Correct Answer is 1024 and I understand the reasoning behind that.


But the approach I followed was:


Say we keep the 5th fruit aside and distribute the other 4 fruits among the 4 children
No of ways to distribute 4 fruits among 4 children = 4!

Now for each of these 4! Combinations, 5th fruit can be distributed to any of the 4 children
i.e. 4 new combinations for each of the 4! combinations
No of ways to distribute 5th fruit = 4*4!

5th fruit can be selected in 5 different ways
Total combinations are 5*4*4! = 480

What’s wrong here? What is it that I am missing here? What are the other 1024-480 combinations that I am missing?

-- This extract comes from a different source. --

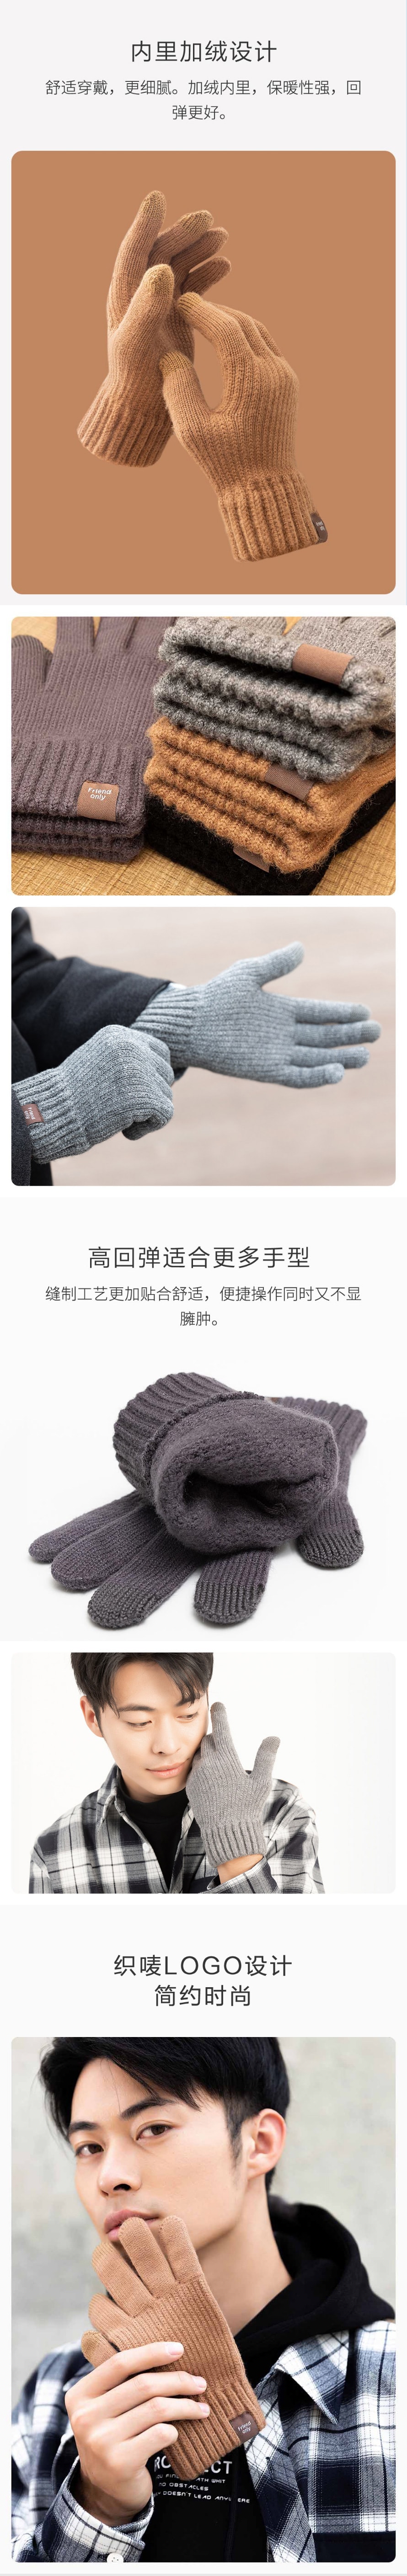 【中国直邮】小米有品 FO三指触屏暖绒手套 暖绒灰 均码
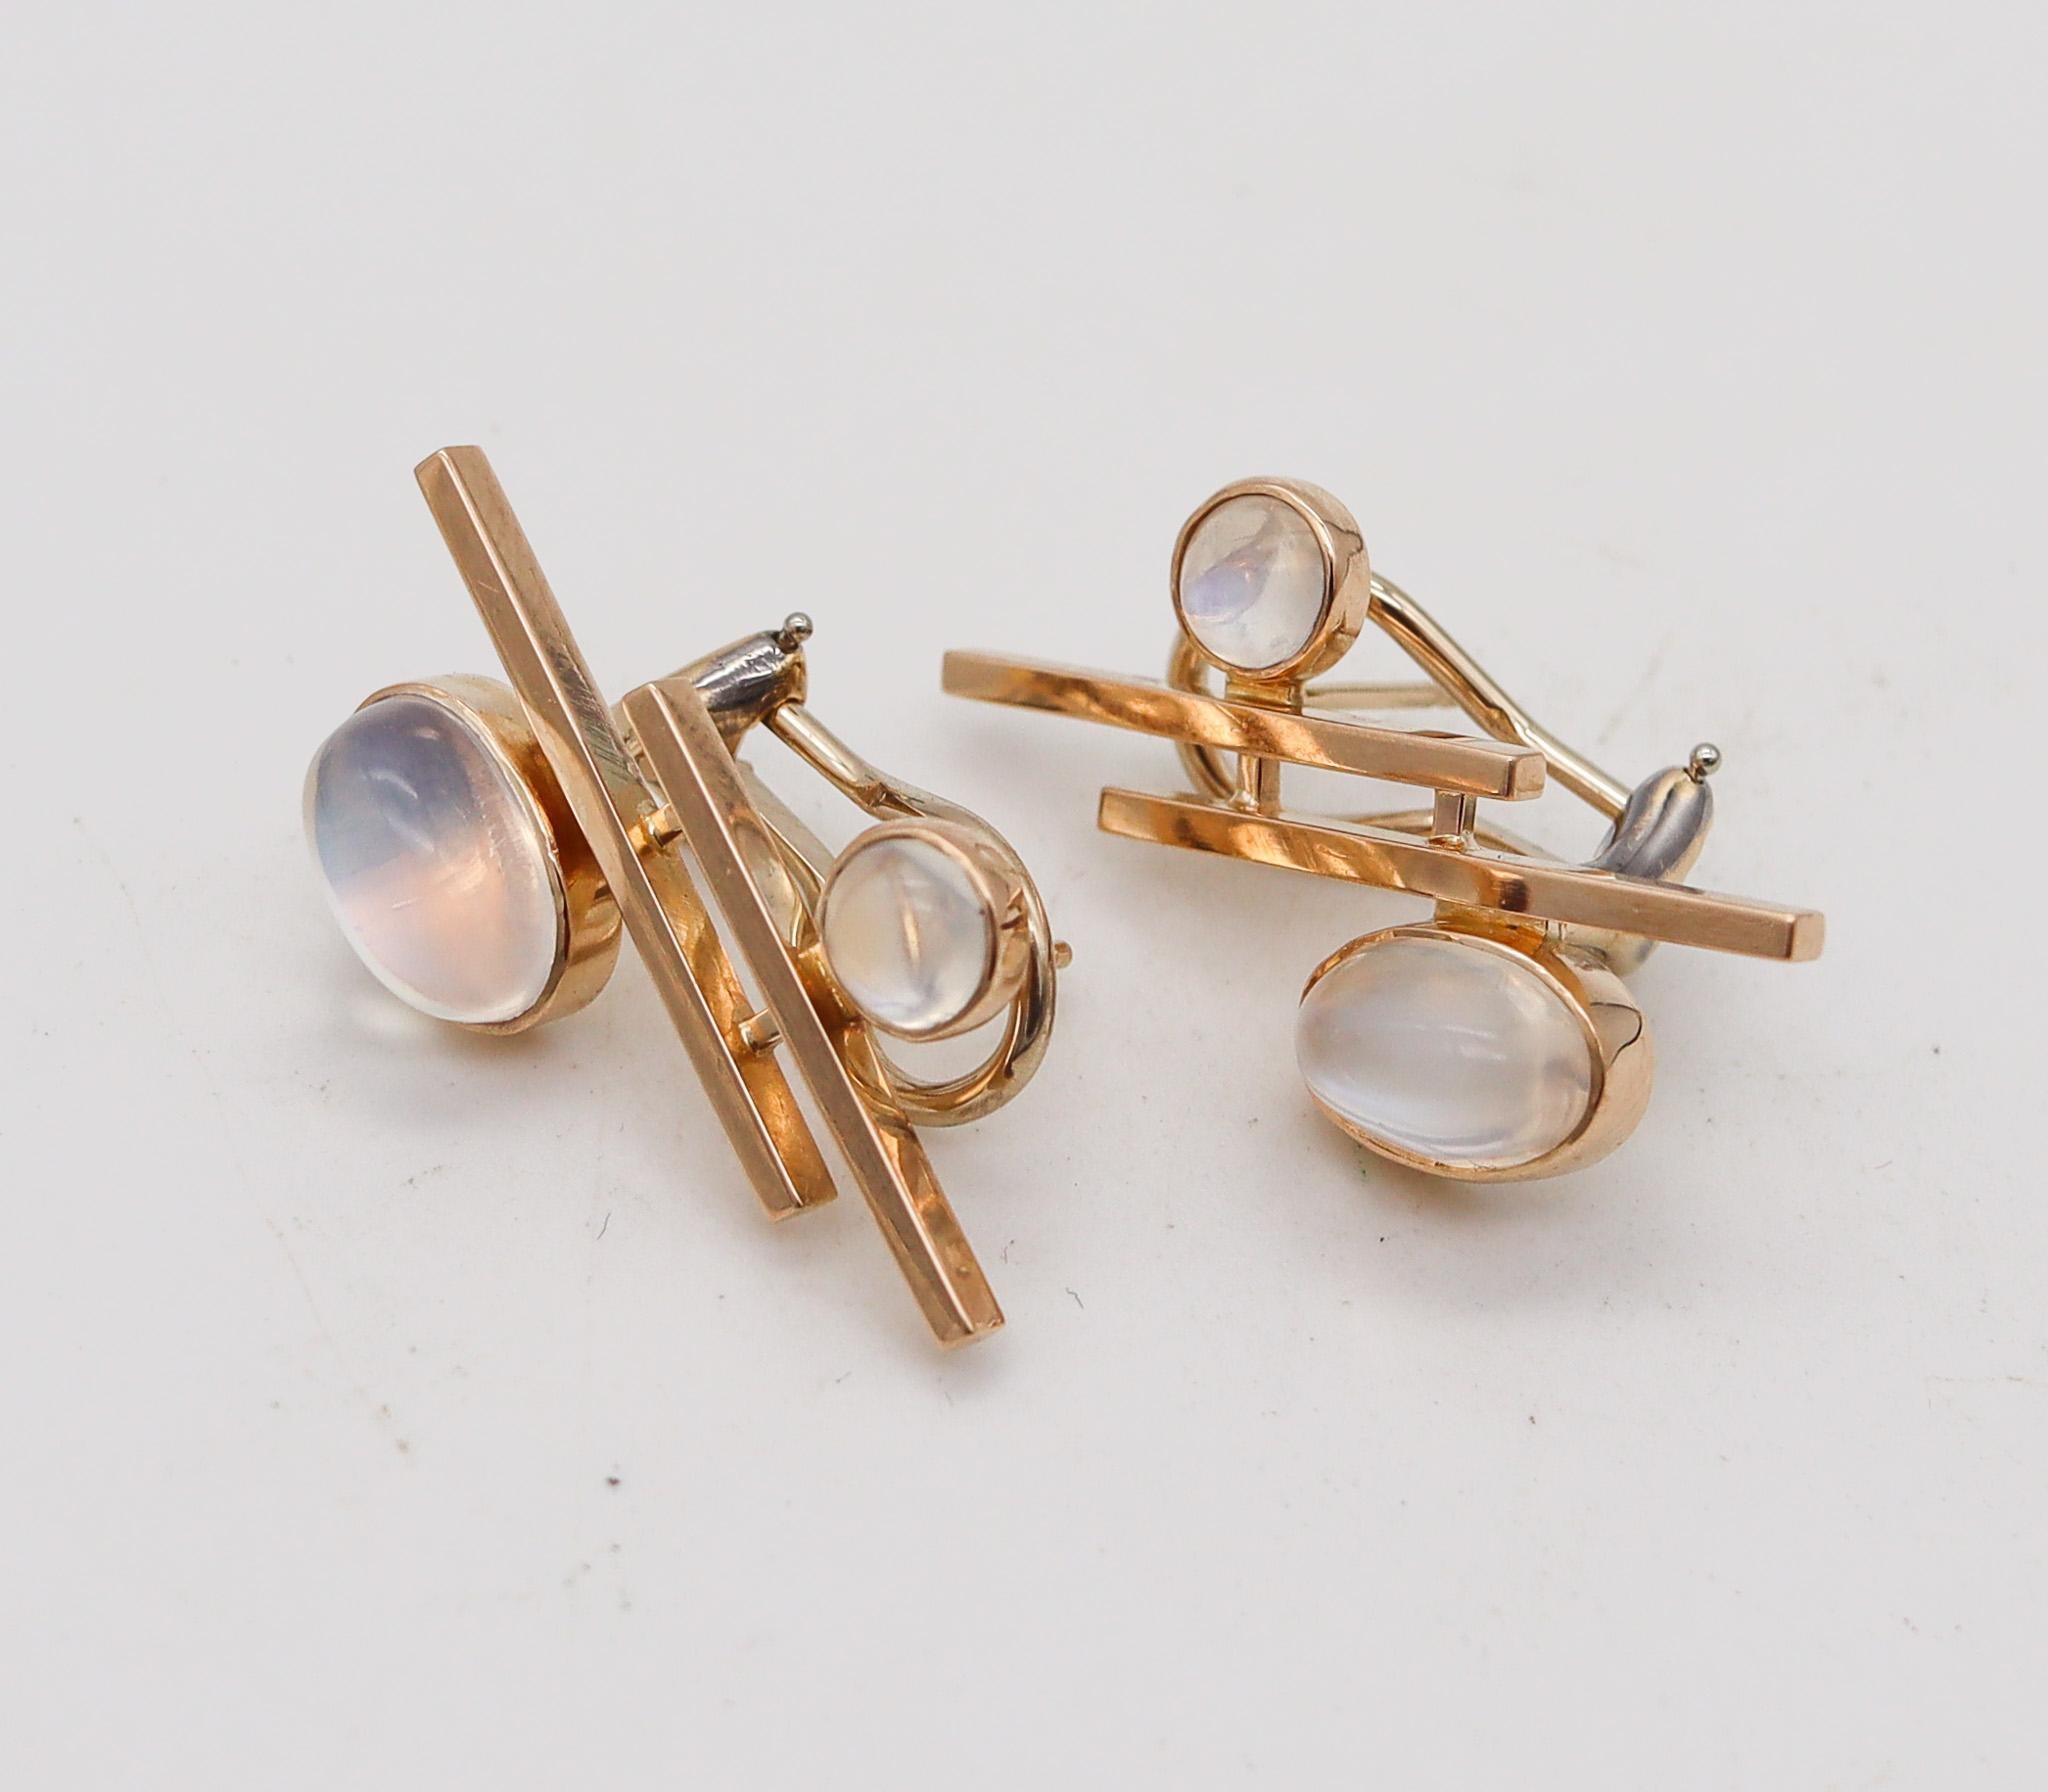 Modernist John Victor Rørvig 1965 Geometric Earrings In 18kt Gold With Four Moonstones

I believe you picked up this question from my blog post so you know how to correctly solve it. So I will focus on only pointing out the error you committed. To start off, how do you get "No of ways to distribute 4 fruits among 4 children = 4! "? You are not given that each child gets only one fruit. If each child were to receive only one fruit, then you could have said that the first fruit can be given away in 4 ways, 2nd fruit in 3 ways and so on to get 4*3*2*1.

Some children may get none so others may get 2 or 3 or 4. Each fruit can be given out in 4 ways so 4*4*4*4*4 = 1024



Ahh... I see the issue now, thanks a lot!! And yes indeed the article was from your post... Thanks again!!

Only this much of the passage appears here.